INDIAN FESTIVALS : Festival of Lights
Deepavali Pandigai
By P. V Jagadisa Ayyar
Deepavali Pandigai goes by another name of Naraka Chaturdasi Snanam, perhaps from a bath taken before daybreak on the fourteenth day of the dark fortnight in the month of Arpisi, corresponding to the English months of September-October. Sri Krishna killed an asura named Narakasura on this day and the festival is intended to commemorate the incident.

The word ‘Deepavali’ means a row of lamps and it originated perhaps from the custom of illuminating villages on this festive occasion. In course of time this included fireworks. Children and even adults light firecrackers before daybreak and enjoy it immensely. New clothes, and firework display are considered signs of auspiciousness and hence people wear new clothes after the auspicious bath and enjoy the occasion.

The new moon day which follows the Deepavali day goes by the name of Deepavali Amavasya day. The occasion is considered to be especially favourable to propitiate the manes (Pitris) of the departed and hence libations of water with sesame or gingelly seeds are offered to them with the necessary Mantras or chantings. This offering, performed by the fatherless on all new moon days, goes by the name Pitri Tarpanam which means an ‘action to satisfy the manes of the forefathers.’ The Hindus are enjoined to offer oblations of water everyday to satisfy the devas, the rishis (sages) and the Pitris, and the new moon days are special occasions for the offerings to the manes of the departed. Certain new moon days are considered more favourable for the offerings than other new moon days, and this new moon day is one such. People perform the tarpanam with special care and attention on this day.

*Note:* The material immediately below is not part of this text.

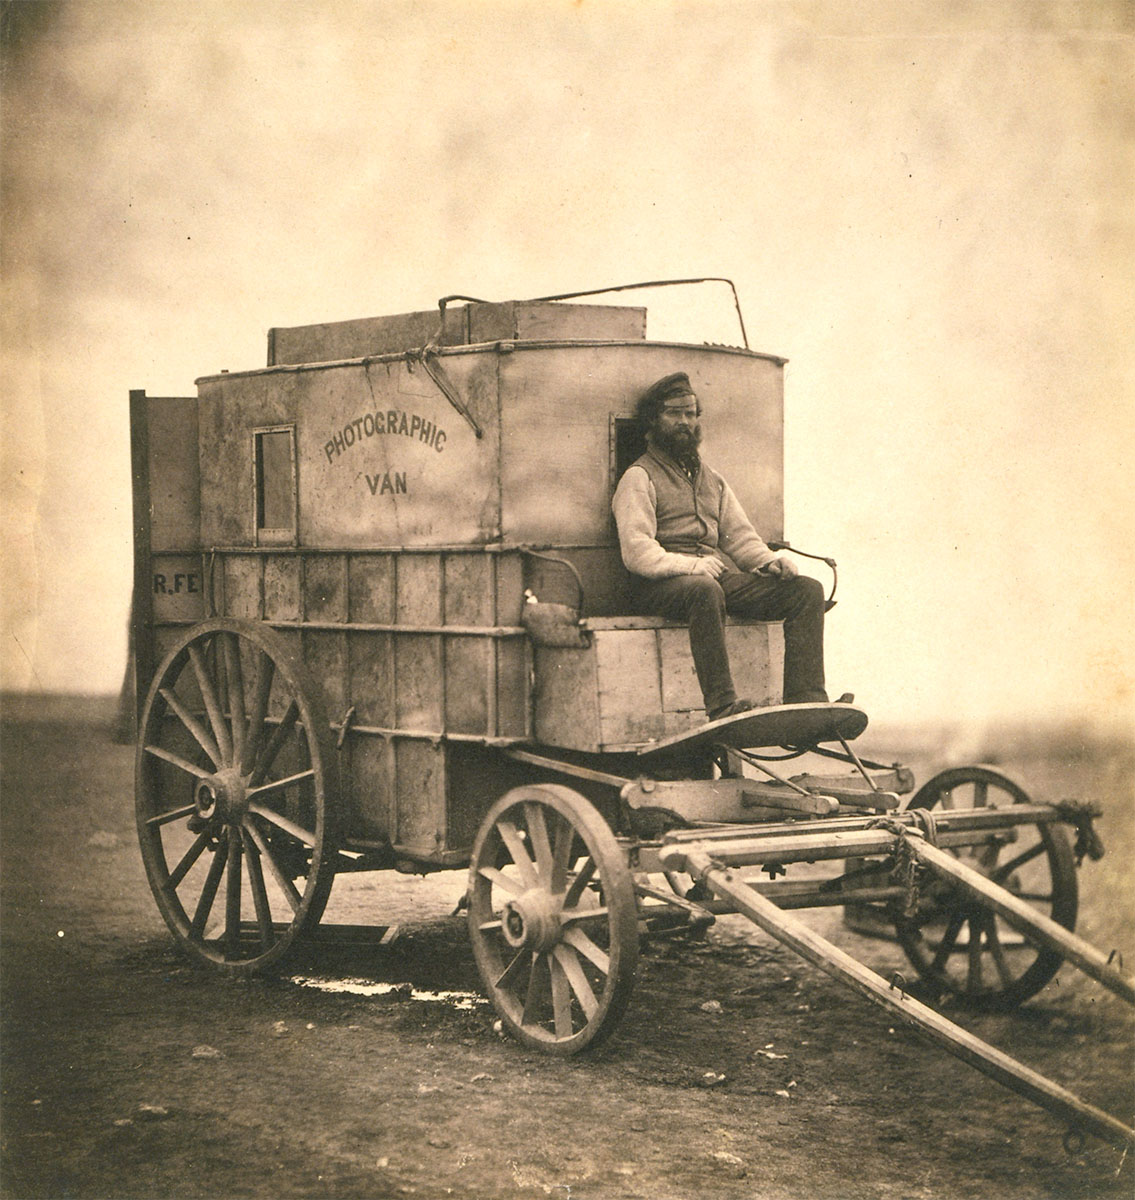 The artist’s van. Marcus Sparling, full-length portrait, seated on Roger Fenton’s photographic van, 1855 - Library of Congress<p>© Roger Fenton</p>

There is a belief among Hindus that there is a great reservoir of spiritual force in the universe in the custody of the Adhikarika Purushas or highly evolved souls who are responsible for the spiritual progress of human beings. These liberate portions of this force from the reservoir and pour them among the masses when they gather in particular places on particular occasions. Further, when the magnetic conditions are favourable, certain substances absorb the forces liberated and retain the property for a limited period. Gingelly seed (Sesamum Indicum) is a favourite seed of the planet Saturn or Sani. Perhaps on the occasion of the Deepavali morning, Saturn charges the gingelly, with special properties. So anointing the head with this oil on the occasion is considered to bestow on men and women, health, wealth and prosperity, in addition to spiritual progress. Further, water everywhere is believed to be saturated with holy magnetism on this occasion. Hence people think that water used for bathing in the early hours of the morning before sunrise is equal in merit to that of the Ganges which is surcharged with the properties of herbs and with the magnetism of the great sages who live near the source of the sacred river and bathe in her waters. When people meet one another after the holy bath, they ask each other whether they had the ‘Ganga Snanam’ or the bath in the waters of the Ganges. A special noteworthy feature on this occasion is that gifts of fruit, pan-supari, sandal paste, and even money are freely made to people going to visit friends, relations and even utter strangers. People when bathing in the waters of the sacred rivers observe this custom, without which a bath is not considered to be efficacious at all.

The myth deriving the epithet ‘Naraka Chaturdasi’ is interesting.

Once there was an asura king named Narakasura, ruling over the universe residing at a part of the present Bengal Presidency. Though a great devotee of Vishnu, his rule was considered undesirable and consequently the people approached Srikrishna. The lord proceeded to the place and overcame him on this day which was commemorated as the day of joy.

King Bali, the king of the asuras, began to usurp the kingdom of India. On being appealed to by Indra, God Vishnu, in the guise of a Brahmin dwarf, begged of the asura three feet of ground from his vast empire.

When that was granted, Vishnu assumed a huge form known as ‘Trivikrama avatara’ and measured the earth and the heavens with two feet, and for the third, placed his foot on the asura’s head and pushed him down into the nether world. As he was a deep devotee having great merit, Vishnu blessed him with certain boons. To commemorate the advent of Vishnu’s dwarf (Vamana) avatara and the giant (Trivikrama) avatara (incarnation), this occasion is considered as auspicious. Because of the boons conferred on the asura by Vishnu, the merits resulting from actions like charity to the undeserving, sacrifices of clarified butter not poured in flames, Sraddhas (ceremonies) performed to satisfy the manes of the departed without observing the prescribed rites, and yajnas or sacrifices performed unaccompanied by the necessary gifts, go to king Bali.

There is a strong belief among the Hindus, that a beginning made on the auspicious Deepavali day will be conducive to prosperity and success. Hence the Vaisyas or the Hindu trading castes of north and weste India open fresh accounts on this day, after having performed puja to the goddess Lakshmi and distributed gifts to those invited.